Huh? It's great that you respect the work people do, but that has nothing to do with whether they'll affect society.
> ChatGPT is entertaining but it is, at most, a baby step towards an AI revolution and, at worst, a very expensive detour away from the holy grail of artificial general intelligence.
What? This is the closing to the article and it just throws out this enormous claim, which is backed up by absolutely nothing. It's demonstrably a big step towards an AI revolution - if nothing else, it's brought a ton of money and interest into the space, which is certainly important for a revolution.
But to say it's a detour away from AGI and then give absolutely no explanation of why that is or what direction AI research should be going? This is very poor journalism.
It's really easy to get an LLM to hallucinate by asking an open ended question - the type typically answered by a Google search or checking Wikiedpia.
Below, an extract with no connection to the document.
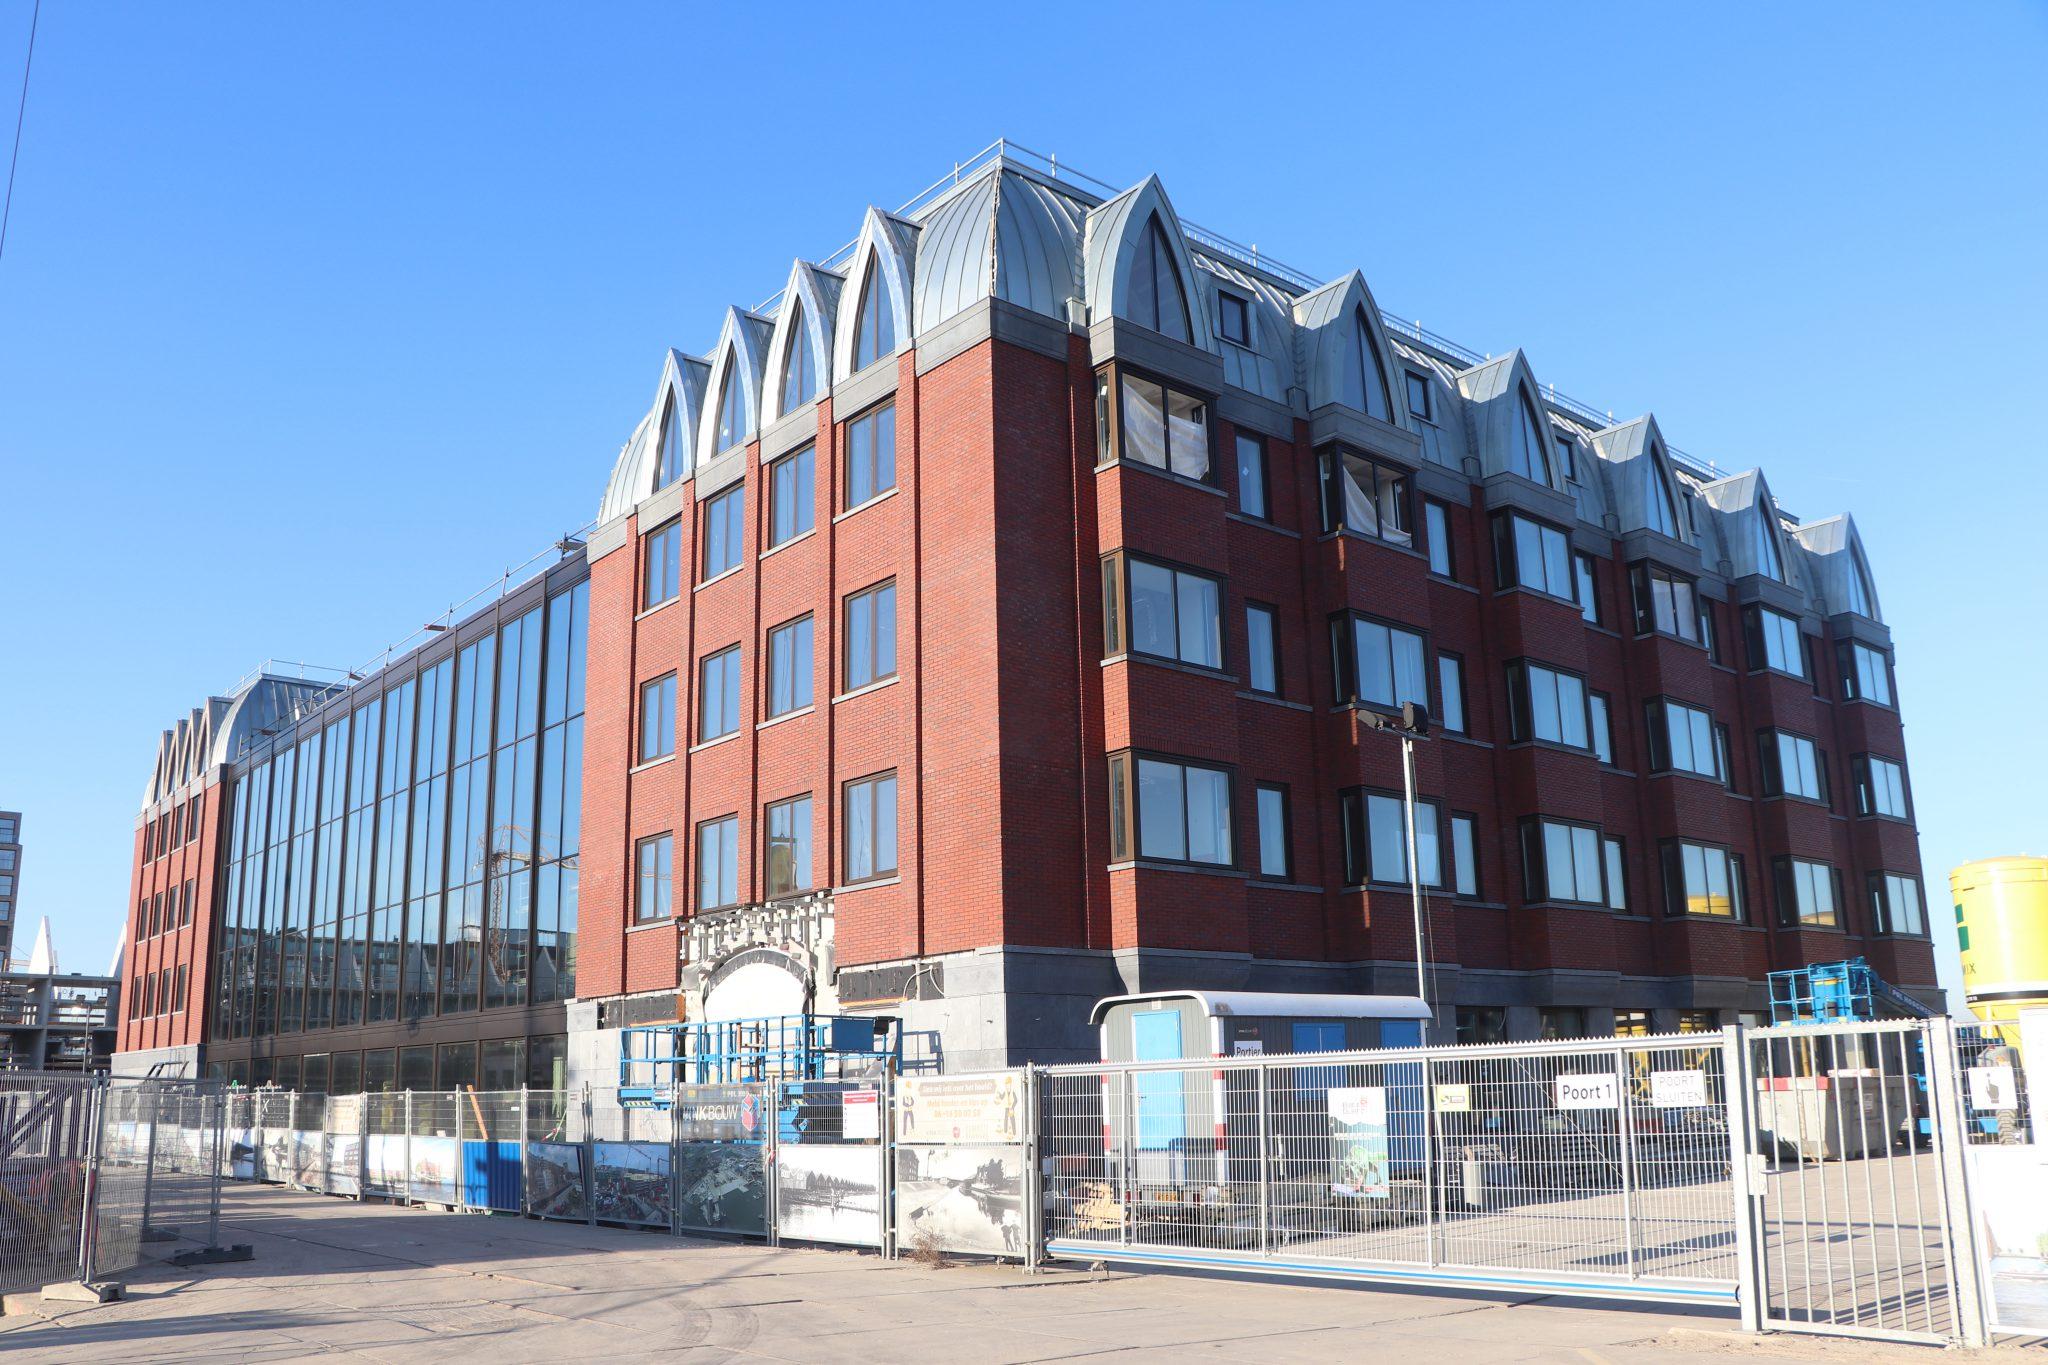 Hotel boot & Co, amsterdam, zinken dak, getoogde daken, atrium, zink

However, this is not the best application of LLMs. This criticism is getting old.
LLMs are great at:
- Text synthesis given all of the facts in a prompt (expand these bullet points)
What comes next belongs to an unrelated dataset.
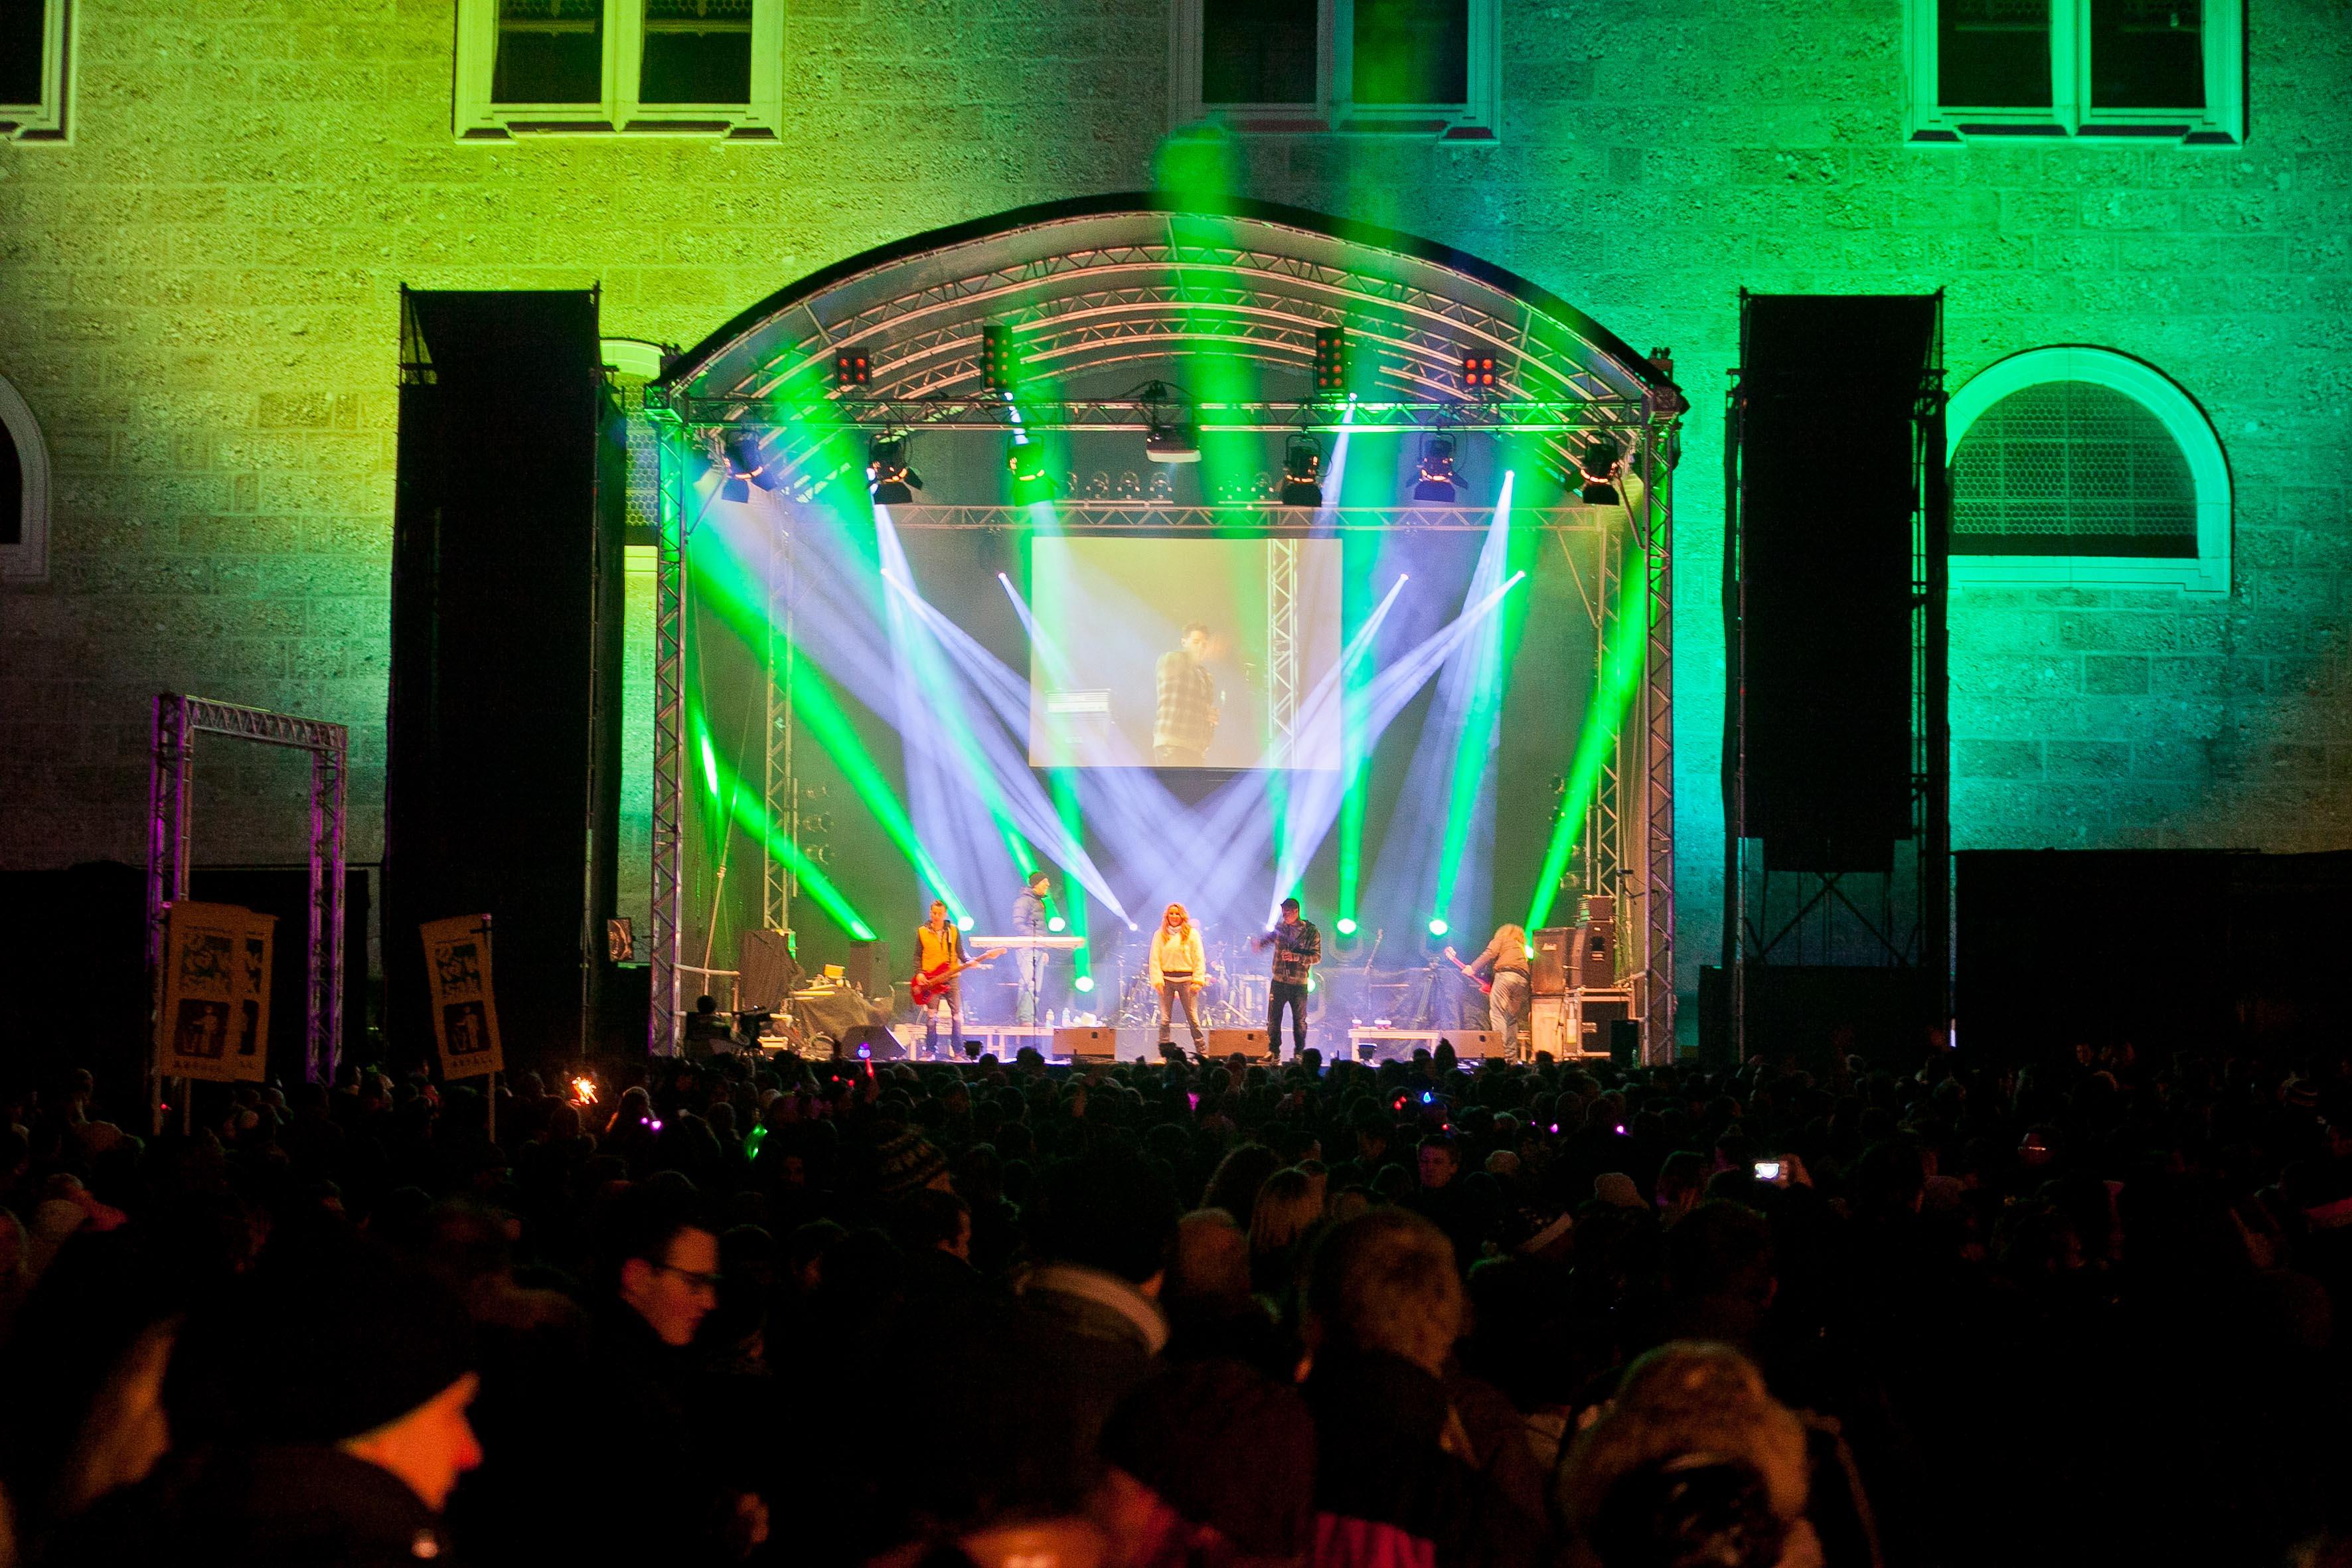 Bühne am Residenzplatz

- Summarization (condense this text)
- Data extraction (fit this data into this schema)
It seems to do ok at coming up with starting points or give you options if you're stuck. But the quality of the prose it comes up with is indeed awful. It gets a bit better if you ask it to write in the style of a specific author, but marginally so.
I guess maybe it gets to mediocre fan fiction level.
That's still pretty impressive, but not very usable for creative writing yet.
I wonder if there's a series of steps(prompts) that could be used to get it to out put something much better. I know I've used it to write something I would have never even attempted let alone tried to write on my own. It came out ok, but better than I could have done on my own.
Some do. Others will just sit down and write. But the problem isn't so much that it can't handle plot. That is amenable to process - there are huge numbers of different processes, and one that might work well for GPT is something called the Snowflake method, which is basically iterative refinement. E.g. start with a one line description, expand it to a paragraph, expand each paragraph to a paragraph, then to a page or a few, and eventually to a list of scenes, and write out the scenes. Oversimplified (there's some steps with character sheets etc. too).
For that it might well be useful, because you could do one iteration at a time, edit the output to keep/reject ideas and do the next step.
But the challenge is that while it might not be "easy", it's the less time consuming part of a novel (certainly has been for me). The time consuming part is writing out the scenes, and the part GPT so far is awful at is the prose. So even if you manage to get it to produce a coherent script setting out what should happen, you still (so far) will have to expect to rewrite the entire thing anyway. That may or may not be useful to you. For my part I suspect I'd write faster from scratch than trying to edit and keep it consistent.
That said, given how far it's gotten I wouldn't at all be surprised if it can get to reasonable prose in another couple of versions.
It is good at inferring the correct people into a story. But the story many times leaves something to be desired.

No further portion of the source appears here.